Records from a dataset

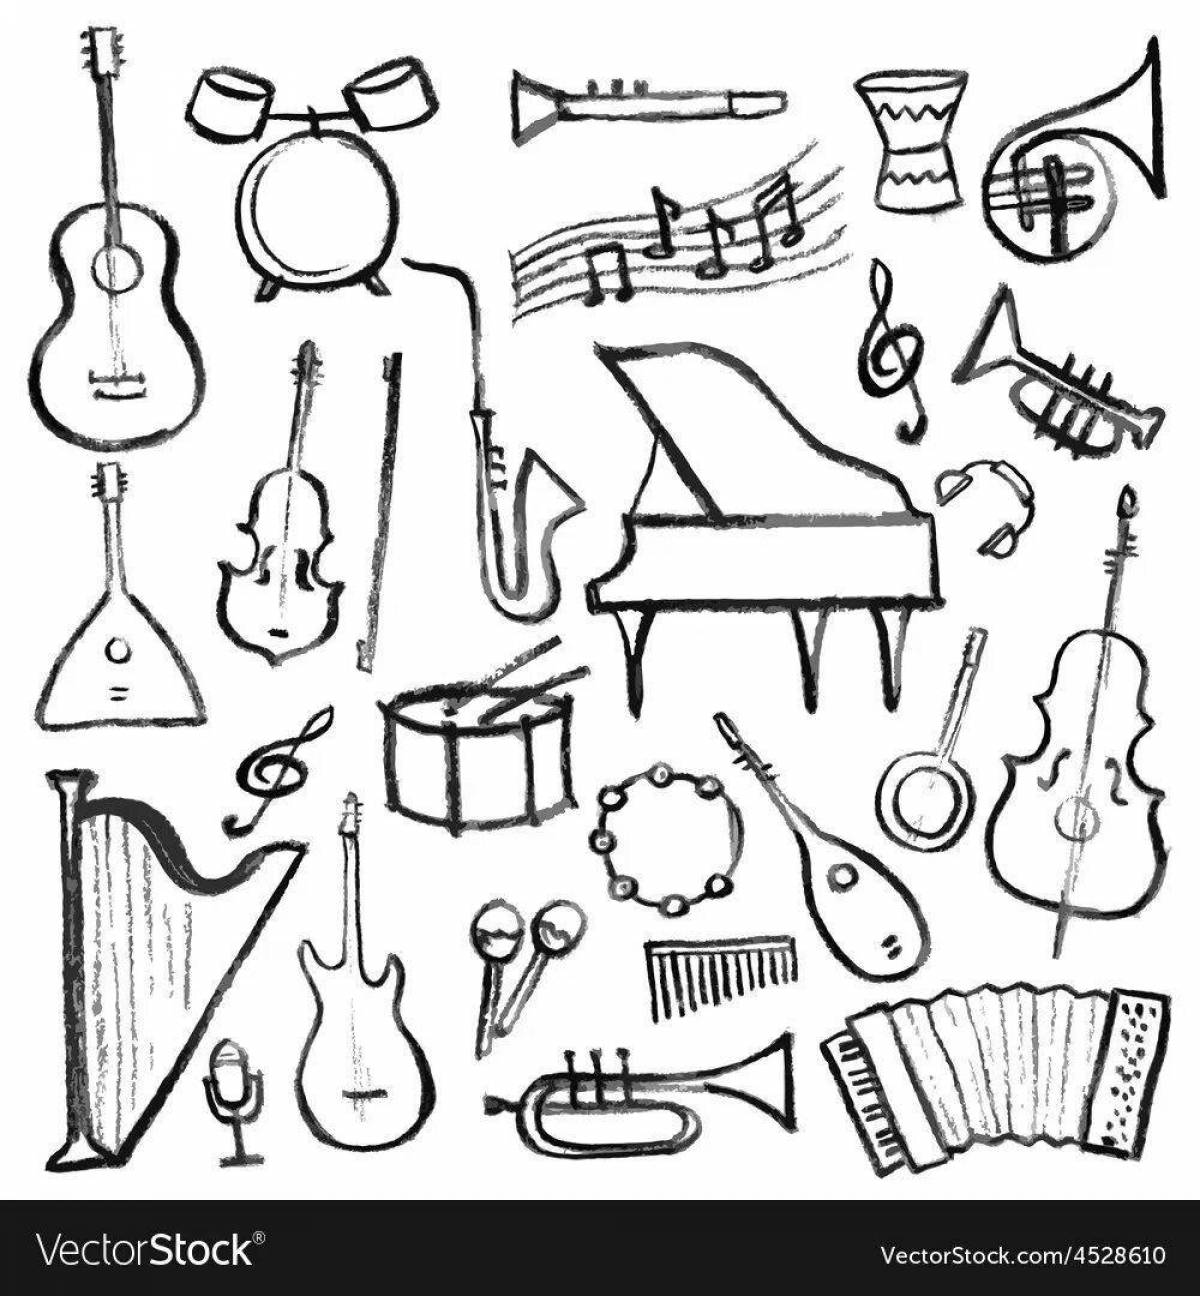 Увлекательная раскраска народные музыкальные инструменты для детей
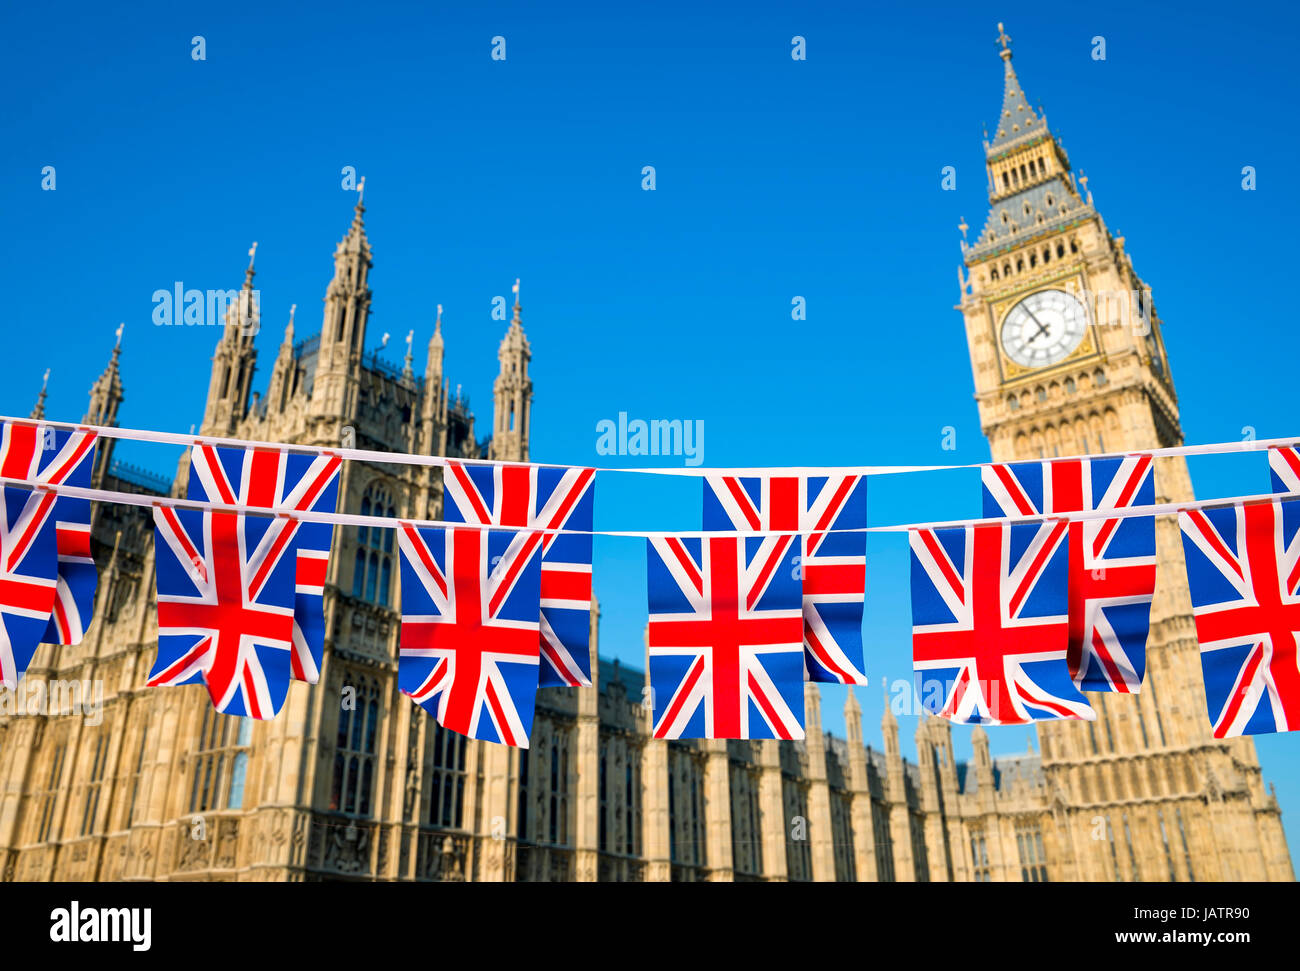 Zwei Reihen der Union Jack Bunting fliegen vor den Houses of Parliament, Westminster Palace mit Big Ben unter strahlend blauem Himmel in London, England Stockfoto
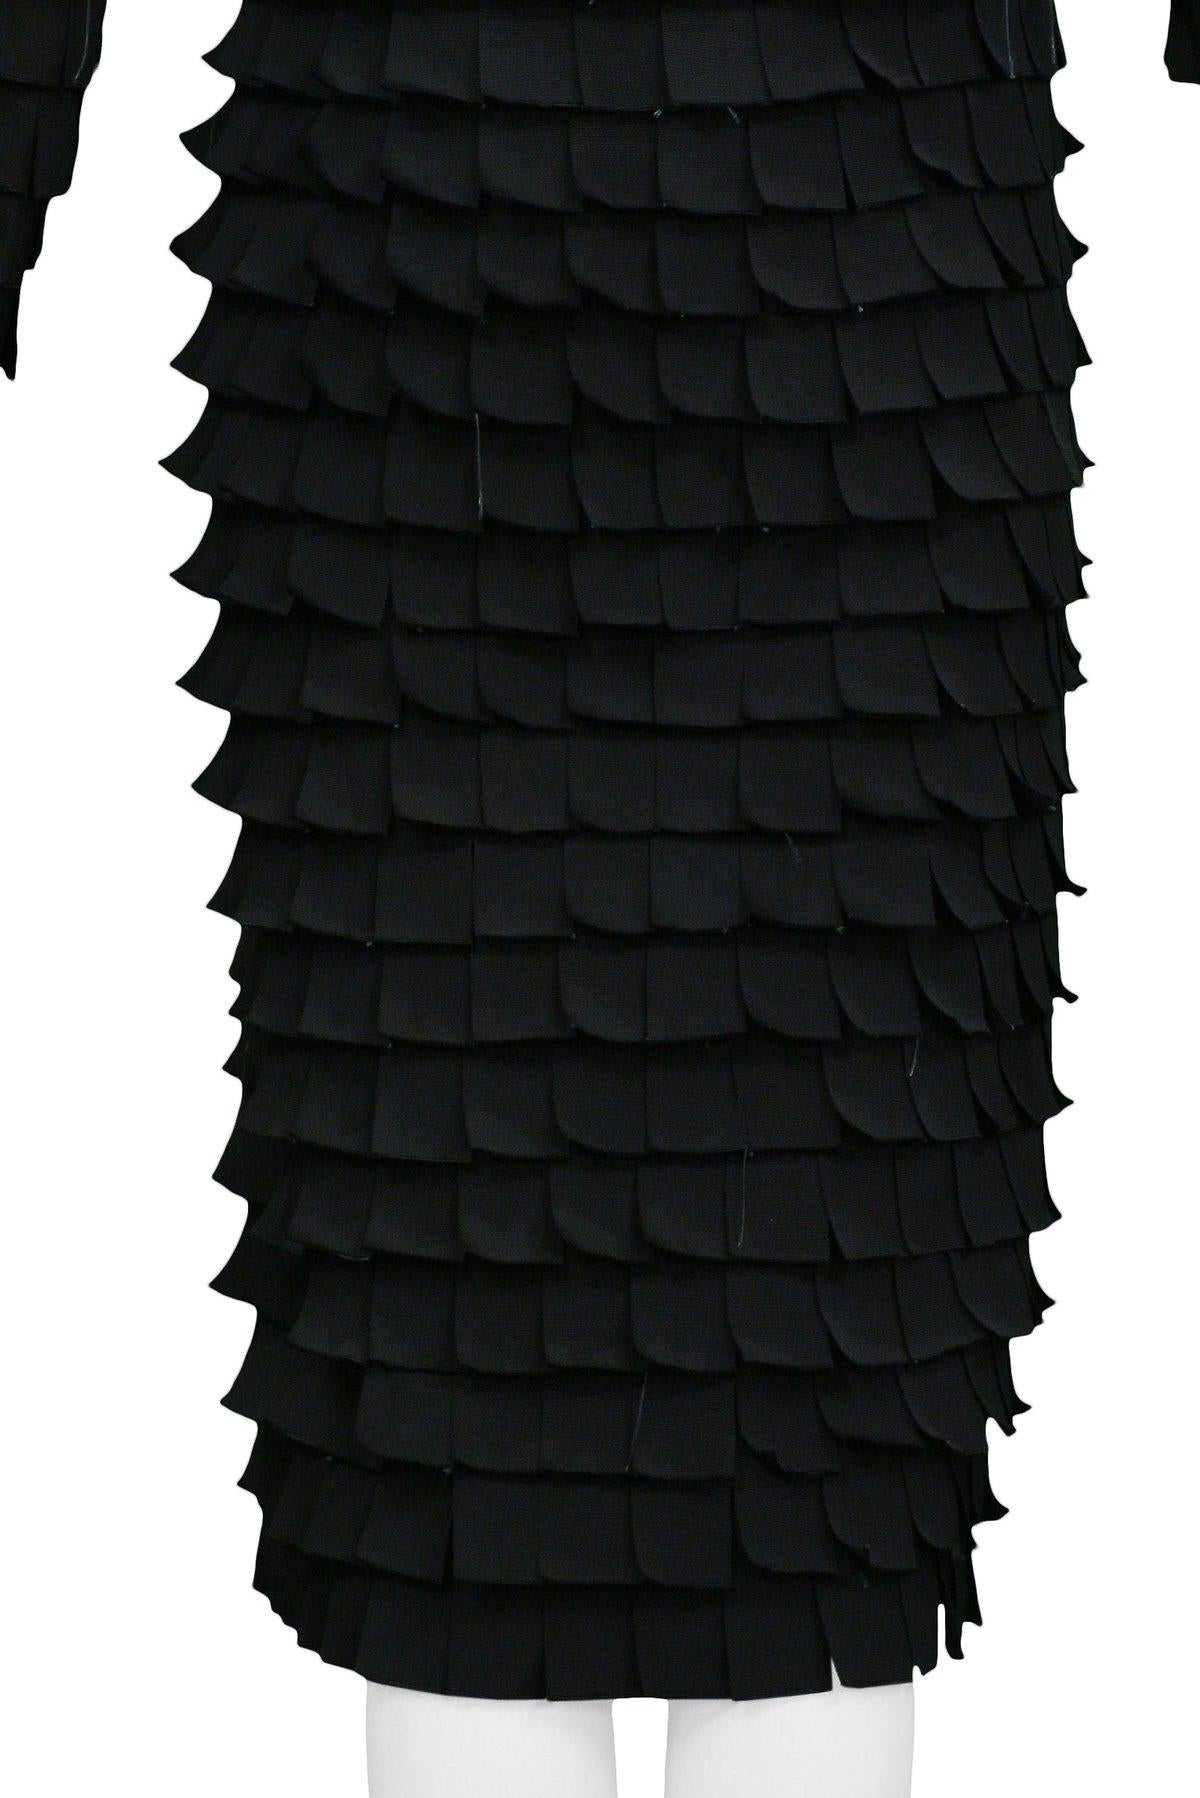 Manteau de défilé Icci By Tom Ford Tab noir 2001 en vente 2
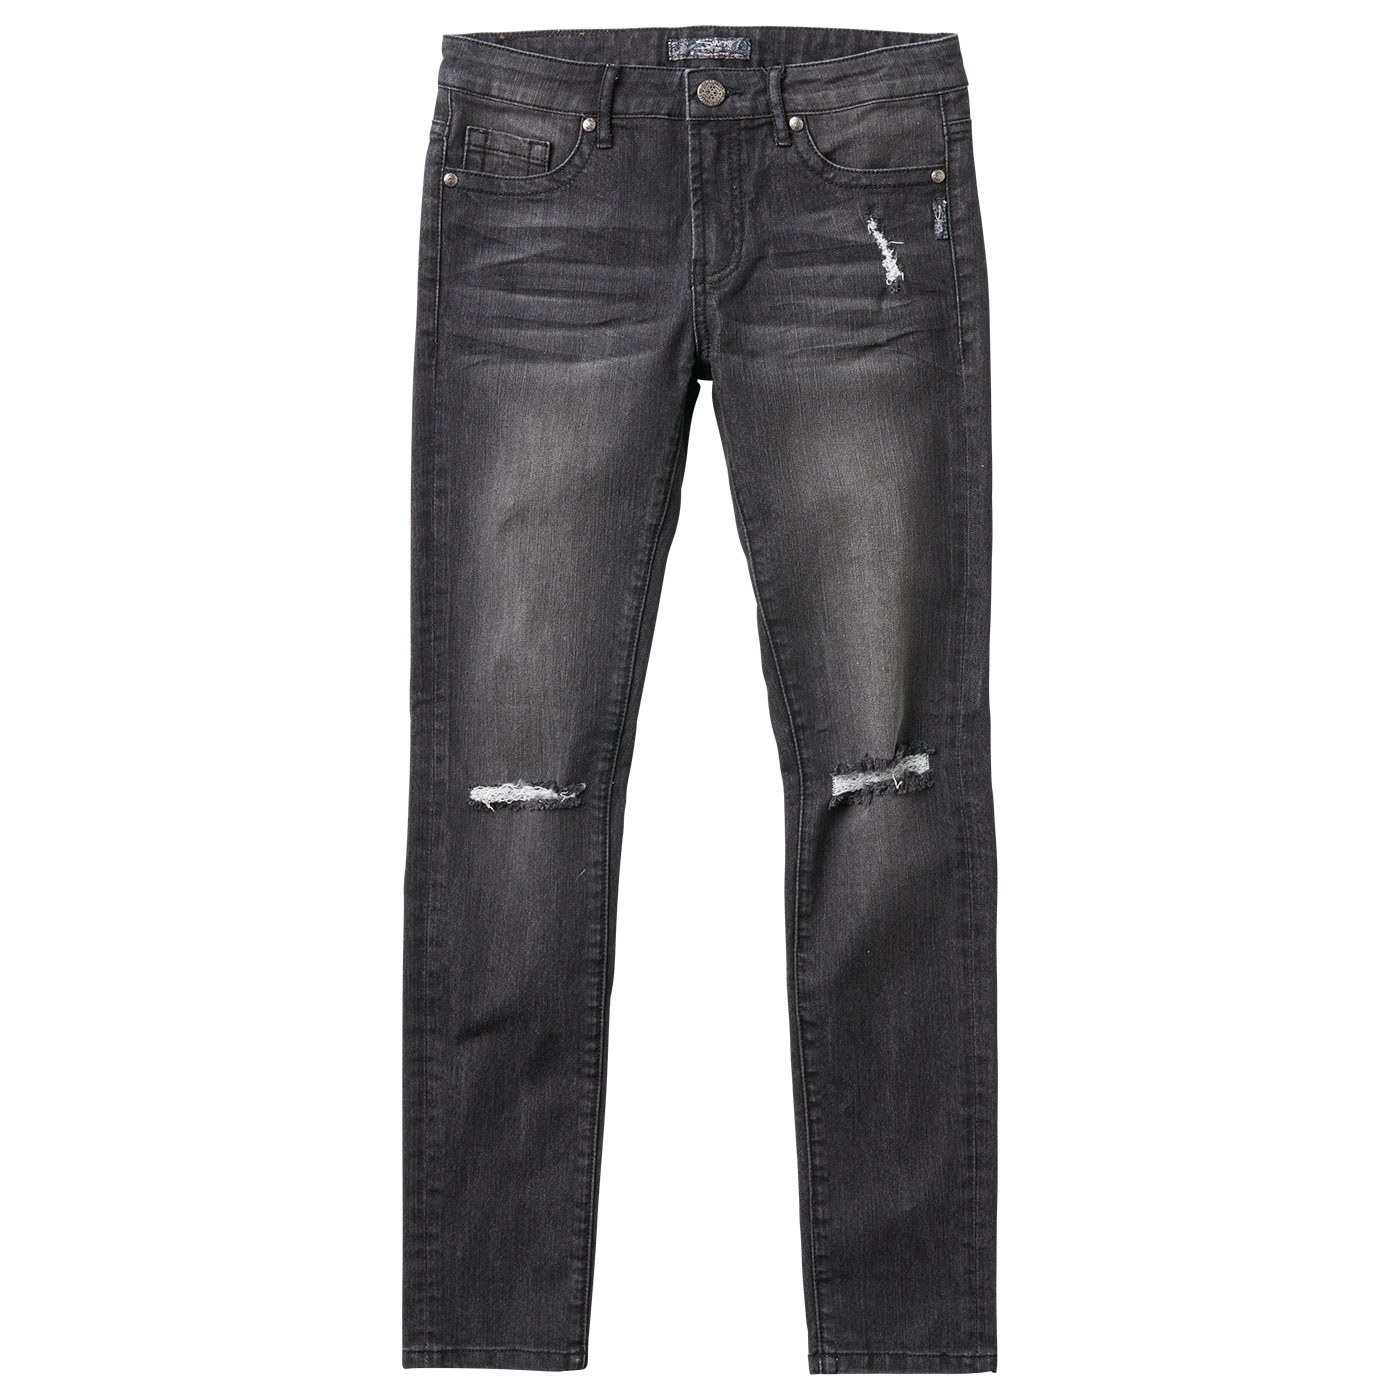 Jegging Fit Denim - Silver Jeans US
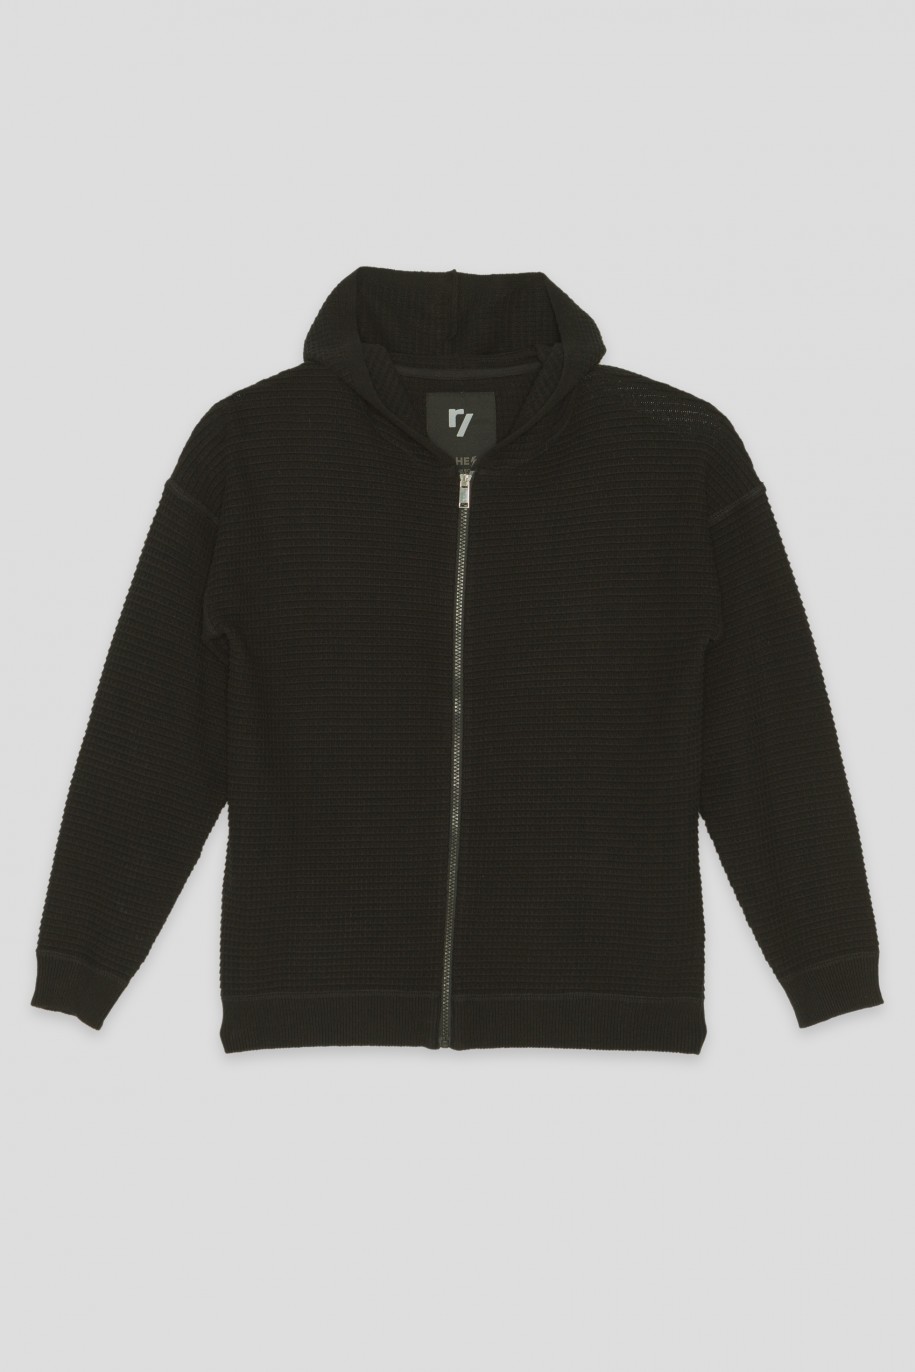 Czarny rozpinany sweter z kapturem - 36590
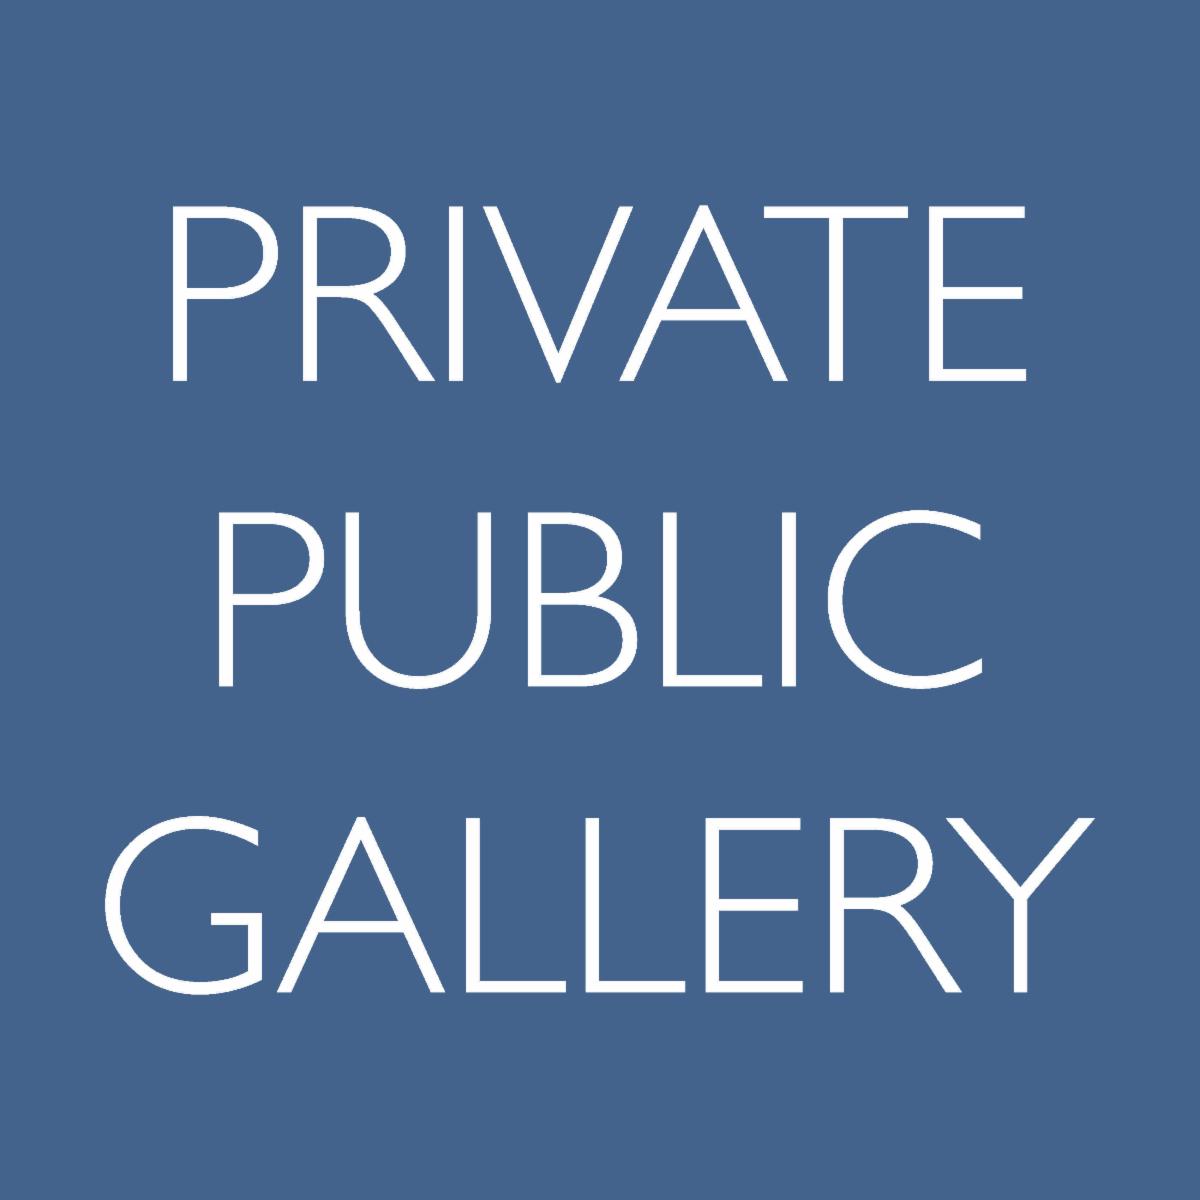 Public Private Gallery

> **Brief**: In the records above, the lines from the one containing "Manteau de défilé" through the last line are to be written out exactly, both ends included and pictures omitted.

> **Response to this exercise**:
 Manteau de défilé Icci By Tom Ford Tab noir 2001 en vente 2
 Jegging Fit Denim - Silver Jeans US
 Czarny rozpinany sweter z kapturem - 36590
 Public Private Gallery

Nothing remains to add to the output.